Screen.Recording.2025-09-16.at.16.56.13.mov

This doesn't really seem to improve things for me

qcjames53 · 2025-09-17T13:07:39Z

@adamruzicka Thank you for the videos. I've been seeing the same thing. Thought I was going crazy! I'm going to set up a meeting with @pavanshekar to see if I'm triggering something incorrectly.

qcjames53

@pavanshekar and I just spoke about this issue. Thanks for meeting up! Here are the minimal testing steps to verify the bug:

Create several hosts on your system. 20+ is a good number. Pavan shared the following snippet to autogenerate many fake hosts in the rails console:

100.times do |i|00" if (i + 1) % 10 == 0
  host = Host.first.dup
  host.name = "fake-host-#{Time.now.to_i}-#{i.to_s.rjust(3, '0')}"
  host.mac = nil
  host.ip = nil
  host.save!
  puts "Created host #{i+1}/100" if (i + 1) % 10 == 0
end

On the all hosts page, select all hosts and click 'Schedule a job'.
Any job will work for this. An easy one is 'Commands' -> 'Run Command - Script Default' and set the command to anything.
Click through all pages and run on the selected hosts. The UI will take you to the job's webpage.
The table will show all hosts as "In progress". When refreshing the page, some of the hosts will switch to "Failed". Any fix needs to automatically update the table without page refresh.

pavanshekar · 2025-09-17T21:03:05Z

Thanks @adamruzicka for sharing the video! I updated the code where autoRefresh was checking task?.state === 'pending' but the actual task state during execution is 'running', not 'pending'. I updated it so that host statuses now update both as individual hosts complete during execution and when the job finishes by monitoring the host status changes.

qcjames53

Thank you for the help reviewing this, Pavan. The autorefresh works well on my end and seems to be reasonably efficient with the network calls. Nice job! I can confirm the host list refreshes appropriately once the job is "warmed up" but unfortunately there are some issues when the server is slow:

With enough hosts, the calls to refresh table contents start getting to take longer than the job refresh clock (seems to be 1 second). I know this adds extra work but do you think it would be possible to prevent the job invocation element to stop refreshes while waiting for the server to send back the prior request? Implementing this might even give you the next issue for free.

There are also issues with page load. The table begins updating once a second before the initial contents even have the chance to load, causing the element to flip between page load and content load animations. I would disable this autorefresh behavior entirely until the table contents are populated for the first time.

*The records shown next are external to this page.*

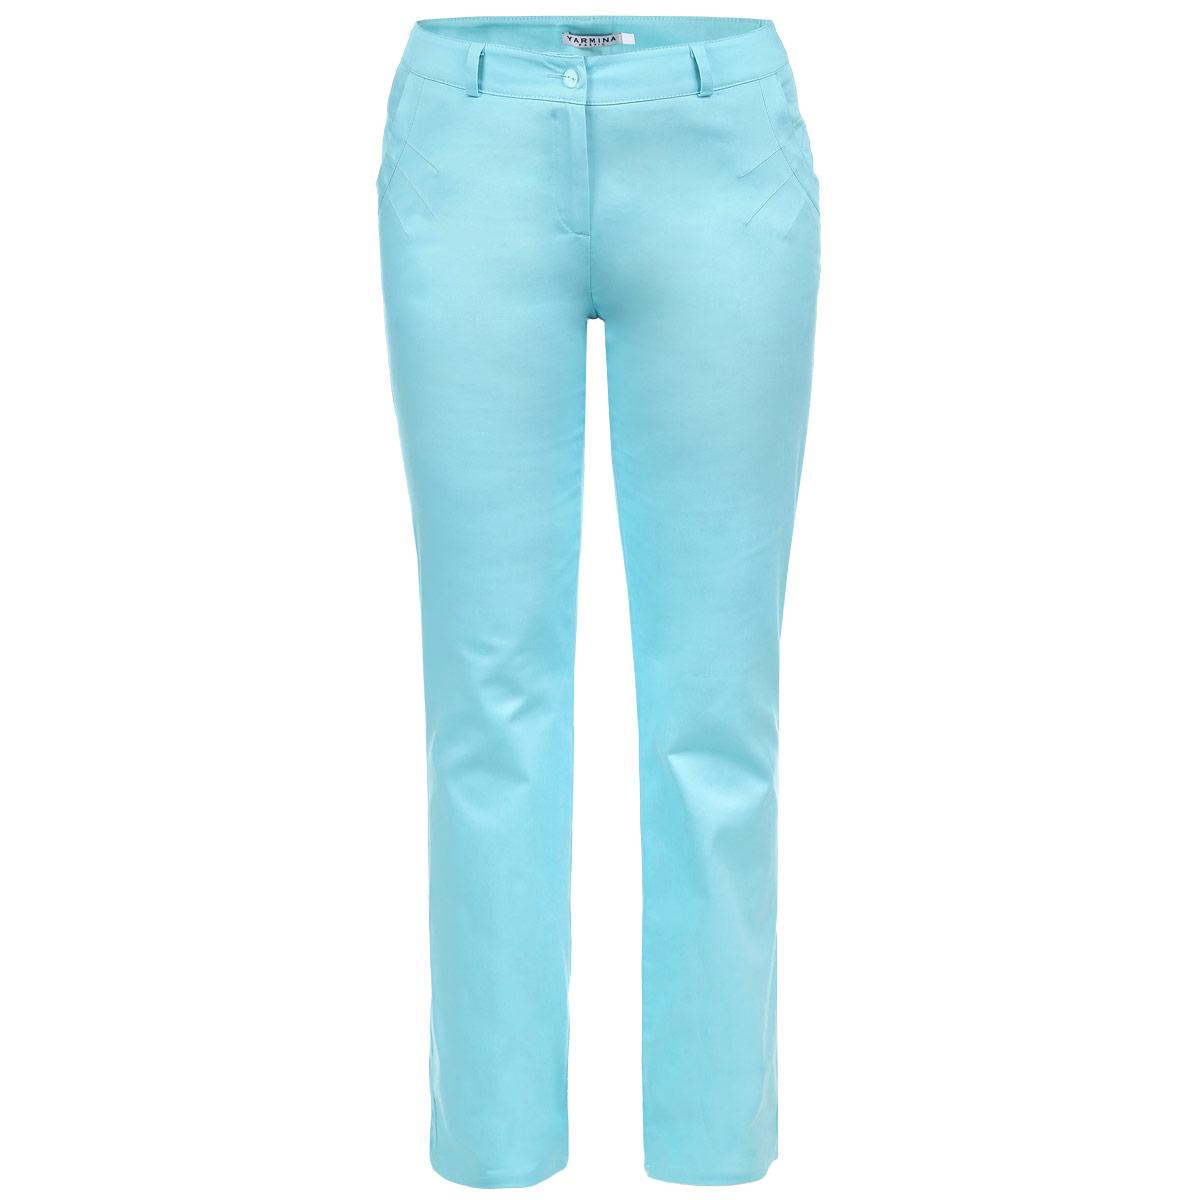 Брюки6717461Стильные женские брюки Yarmina созданы специально для того, чтобы подчеркивать достоинства вашей фигуры. Модель прямого кроя с посадкой на талии станет отличным дополнением к вашему современному образу. Застегиваются брюки на пуговицу в поясе и ширинку на застежке-молнии, предусмотрены шлевки для ремня. Спереди модель дополнена двумя втачными карманами, оформленными декоративными швами. Эти модные и в тоже время комфортные брюки послужат отличным дополнением к вашему гардеробу. В них вы всегда будете чувствовать себя уютно и комфортно.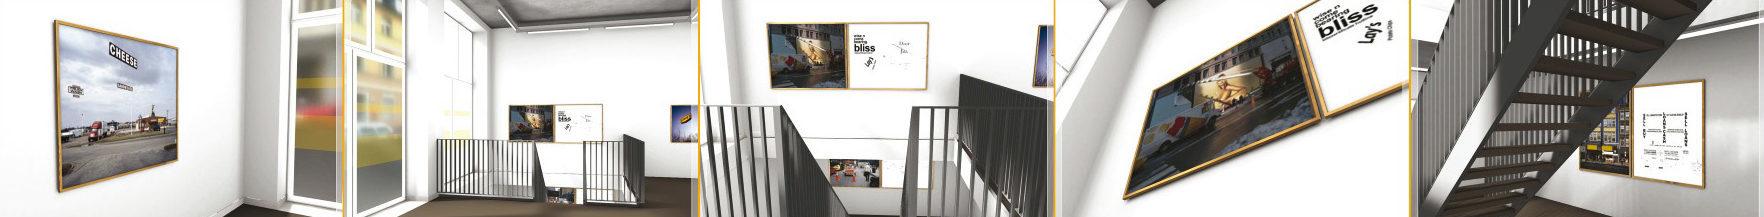 Ansichten der Virtuelle Galerie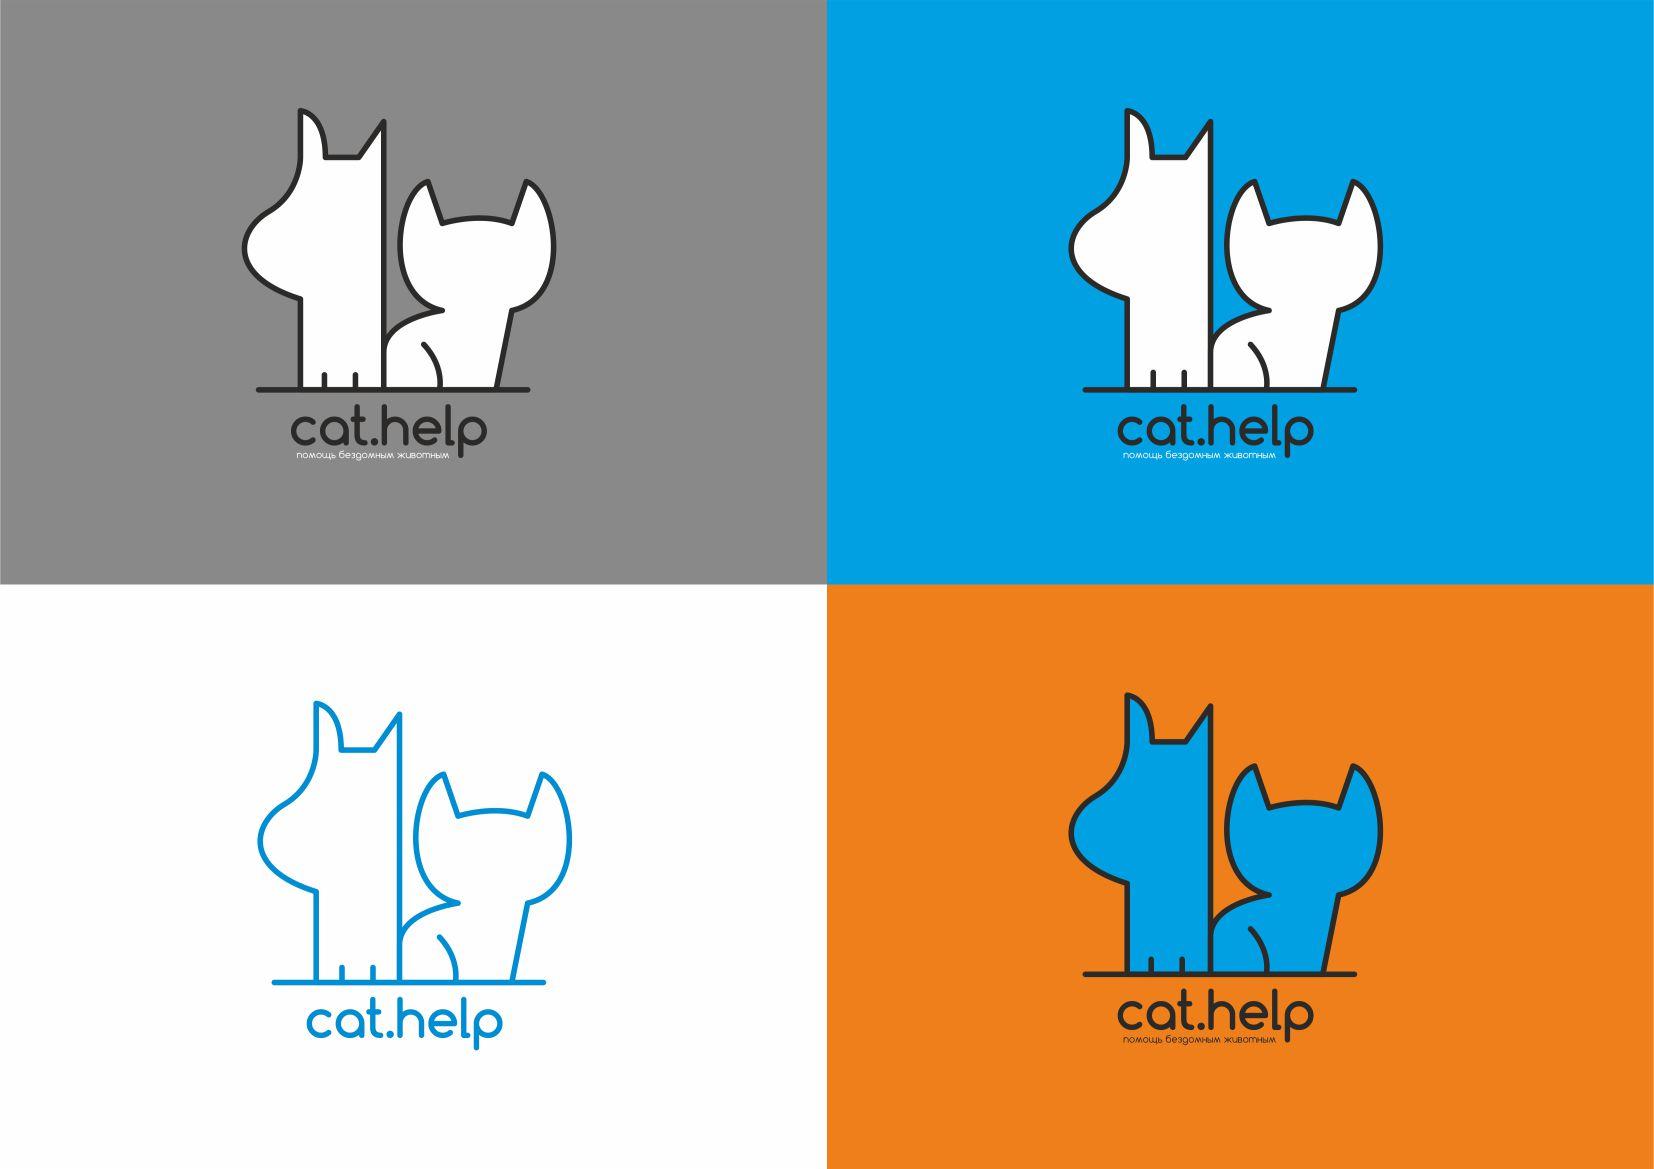 логотип для сайта и группы вк - cat.help фото f_88659e2c7a44da8d.jpg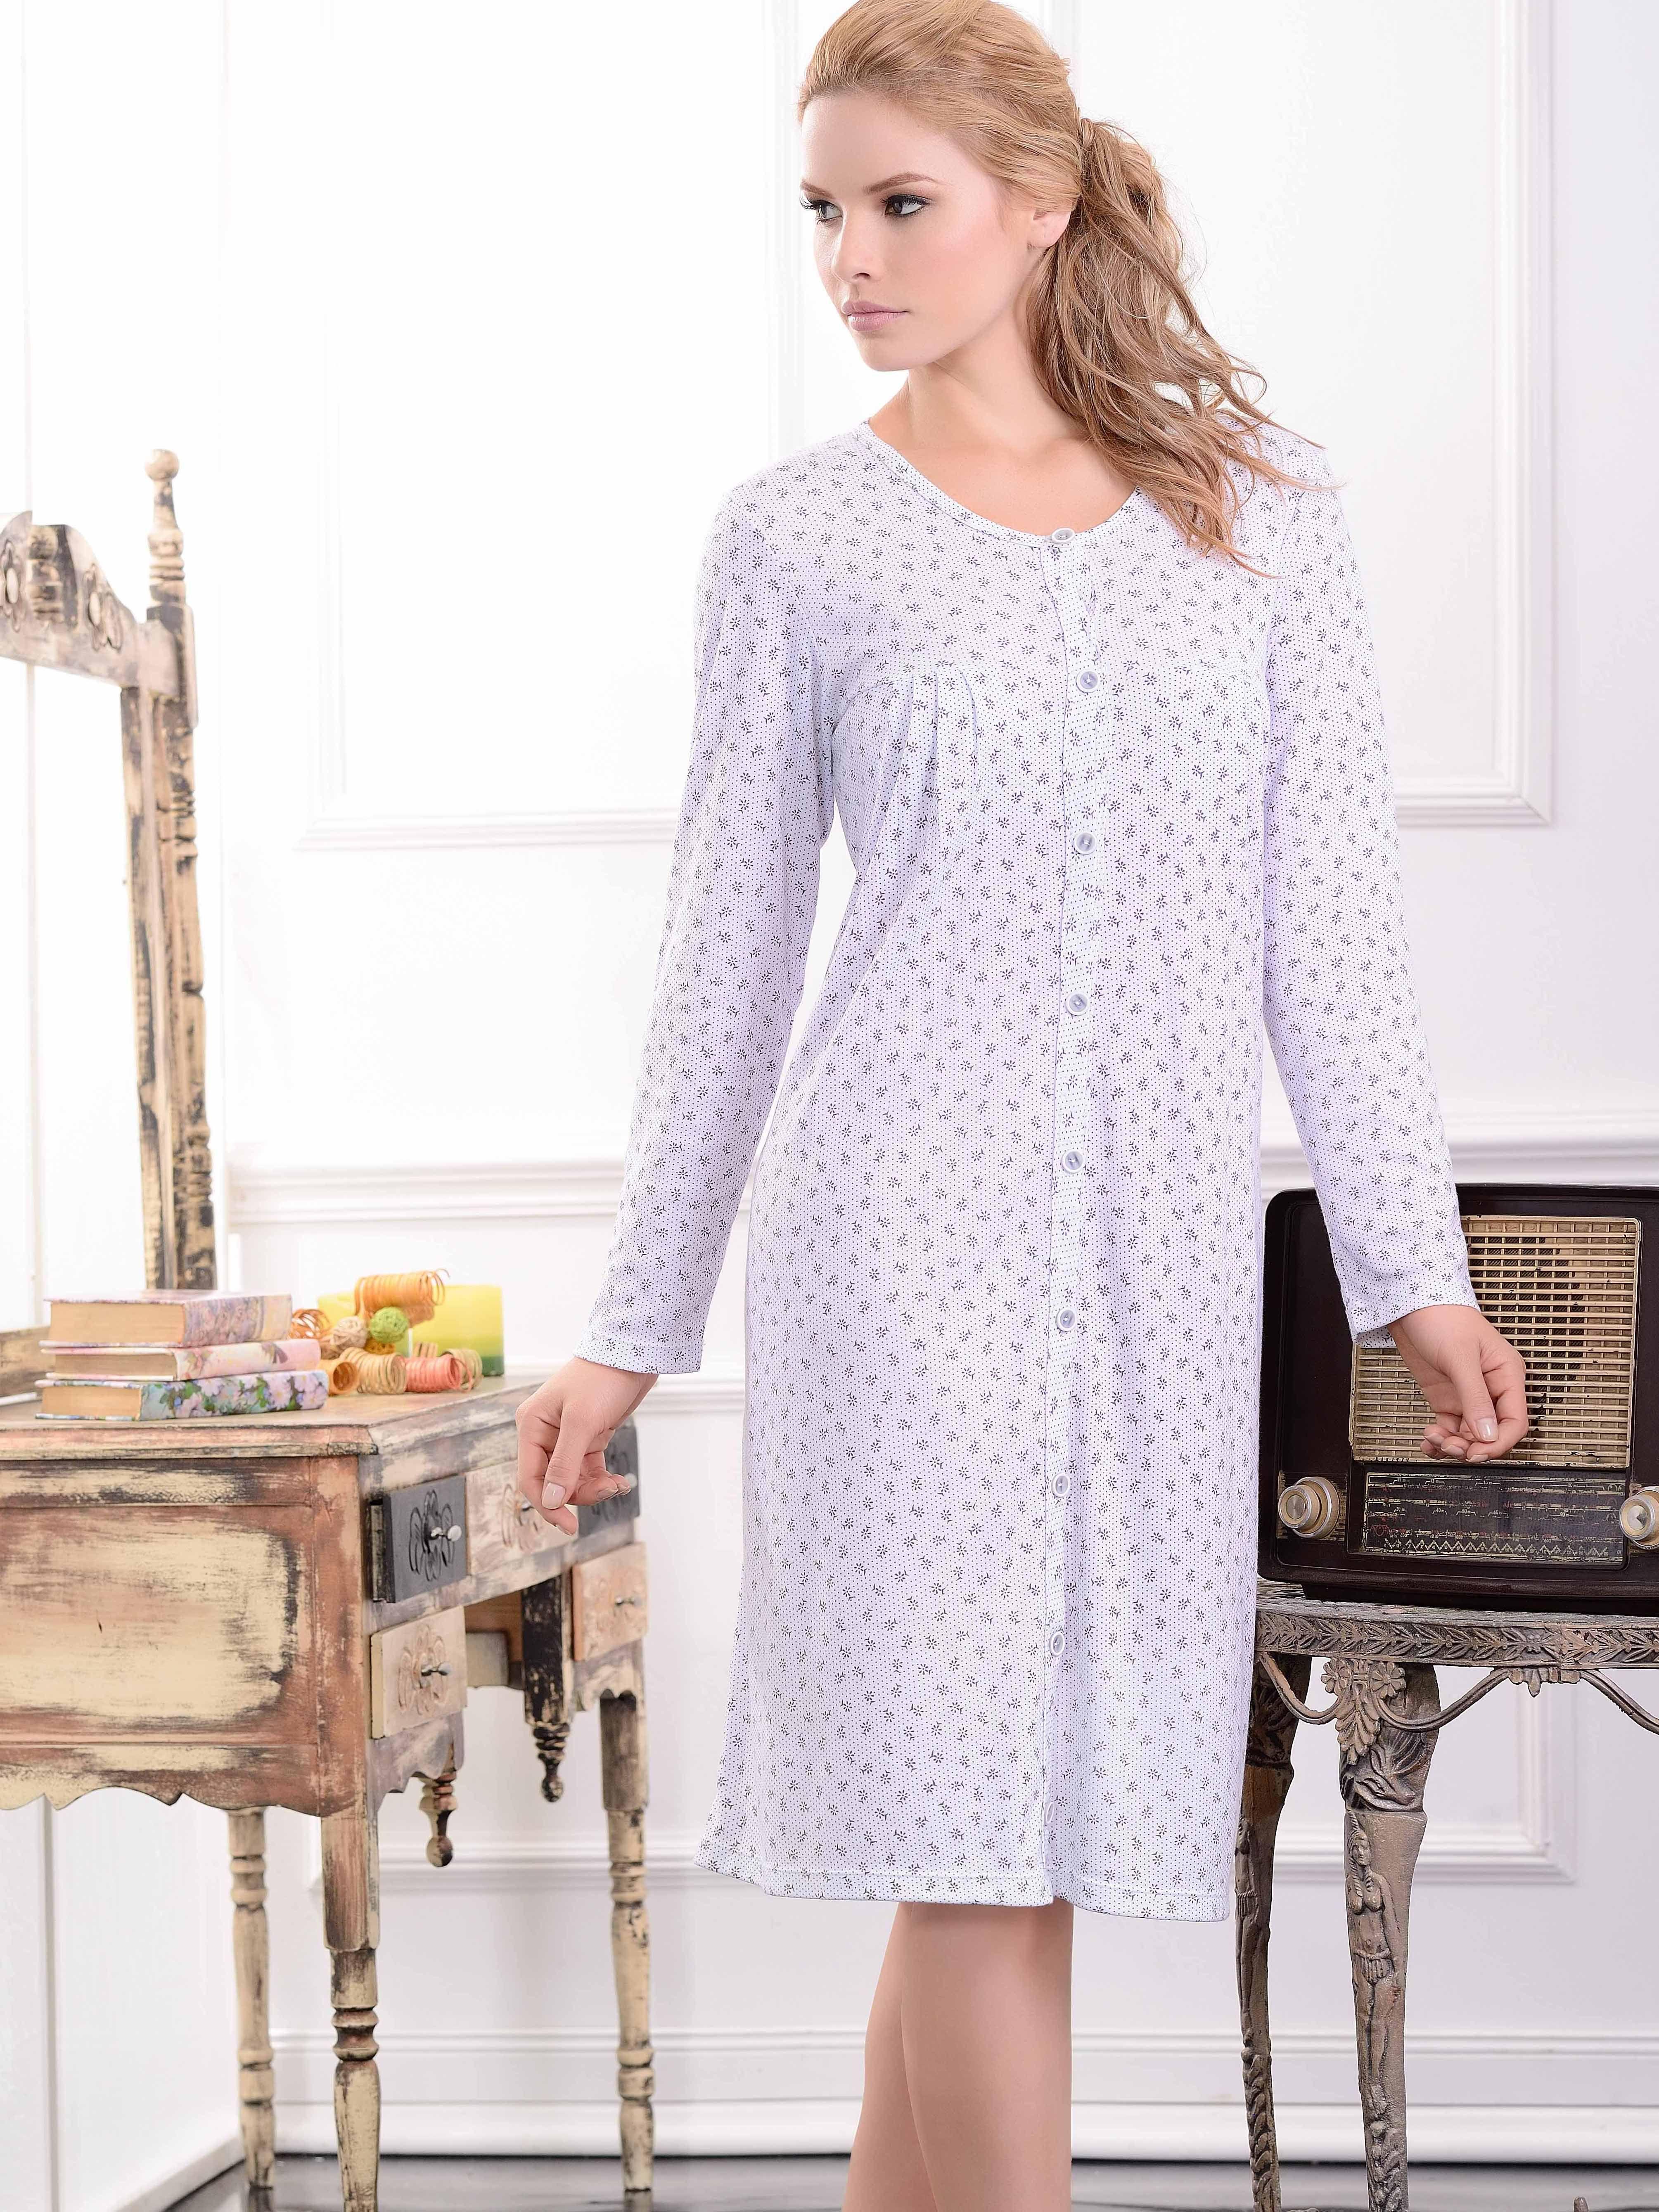 2e4e9b50b Batola   Sleepdress   32940 Confortable pijama con delicado y romántico  estampado. Tiene prácticos bolsillos y botones frontales Tallas   Sizes   S  - M - L ...

pavanshekar · 2025-09-18T13:26:52Z

Thank you for the help reviewing this, Pavan. The autorefresh works well on my end and seems to be reasonably efficient with the network calls. Nice job! I can confirm the host list refreshes appropriately once the job is "warmed up" but unfortunately there are some issues when the server is slow:

With enough hosts, the calls to refresh table contents start getting to take longer than the job refresh clock (seems to be 1 second). I know this adds extra work but do you think it would be possible to prevent the job invocation element to stop refreshes while waiting for the server to send back the prior request? Implementing this might even give you the next issue for free.

There are also issues with page load. The table begins updating once a second before the initial contents even have the chance to load, causing the element to flip between page load and content load animations. I would disable this autorefresh behavior entirely until the table contents are populated for the first time.

Thank you for the detailed feedback! I've already addressed both of these issues in the current implementation. The code now prevents request overlapping when the server is slow and also disables autorefresh until the initial table contents are loaded.

qcjames53

I feel bad to keep requesting changes but there are still scenarios where this autoupdate slams the server with dozens of requests at once. I'm seeing this when I am waiting on one job to complete and start another, making all of the hosts stay in "pending" for a while. The requests named "7" are the ones driving the autoupdate and they pretty much DOS attack a single-threaded server.

qcjames53 · 2025-09-19T13:58:58Z

Oh but other that that everything works really well! It's just I can't ACK with this page DOSing slow single threaded servers.

pavanshekar · 2025-09-19T21:02:25Z

I feel bad to keep requesting changes but there are still scenarios where this autoupdate slams the server with dozens of requests at once. I'm seeing this when I am waiting on one job to complete and start another, making all of the hosts stay in "pending" for a while. The requests named "7" are the ones driving the autoupdate and they pretty much DOS attack a single-threaded server.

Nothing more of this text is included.